Concerto for Violin, Piano & Orchestra (2010)

Nickitas Demos

I. low country matins - preview score

II. nocturne - preview score

III. the desert hours - preview score

Duration: 22'

This work was written for, and dedicated to, my friends Christos Galileas (violin), Brandt Fredriksen (piano) and Michael Palmer (conductor). In addition to composing the piece for these colleagues, the concerto was also written especially for a week-long event, the Odysseia Symposium, held on the campus of Georgia State University and sponsored by the Center for Hellenic Studies, the School of Music and made possible in part through the generous support of the Center for Collaborative International Arts (CENCIA). Because the composition was written for an event highlighting modern Greek performers, composers and poets, the music makes substantial use of Greek folk rhythms, especially in the first and third movements. The first movement employs a “syrto” rhythm evident upon the entrance of the violin. This rhythm is indigenous primarily in the southern area of the country. Variants of the rhythm are also found throughout Greek Islands. The third movement makes use of mixed meters generally found in the northern portion of the country. 

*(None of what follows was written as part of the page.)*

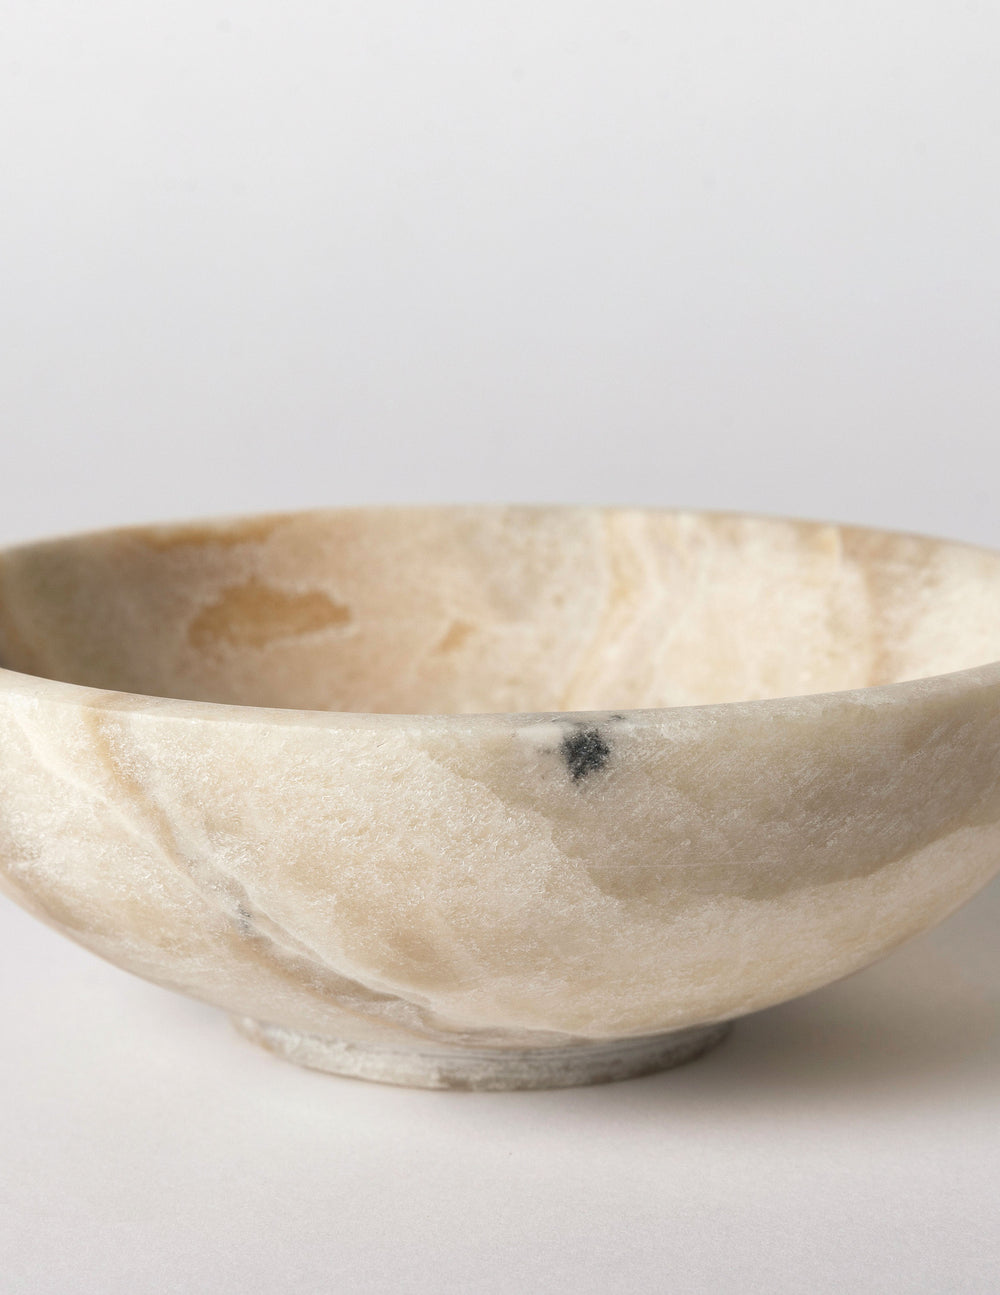 Medium Bowl, Onyx Marble

As a programmatic element, the concerto also concerns itself with the cycle of the day. The first movement, low country matins, was composed almost entirely on Kiawah Island, South Carolina located in the low country of the state, near Charleston. Much of the music was written in the early morning and has a fresh and buoyant character. The music seeks to convey a certain optimism for the day that is dawning. The second movement, nocturne, is conceived as a lullaby of sorts and is meant to depict evening and a rest to the toil of the day. The third movement carries the title the desert hours. For me, this title reflects the struggles of the day; the temptations, the triumphs and the failures we all endure hour by hour during the course of a day. We need not live a literal monastic life in the wilderness to experience the very real spiritual struggles found in the desert of our modern society. In depicting this struggle, the music itself moves back and forth between tension and exuberance as the performers make their way through this “desert.”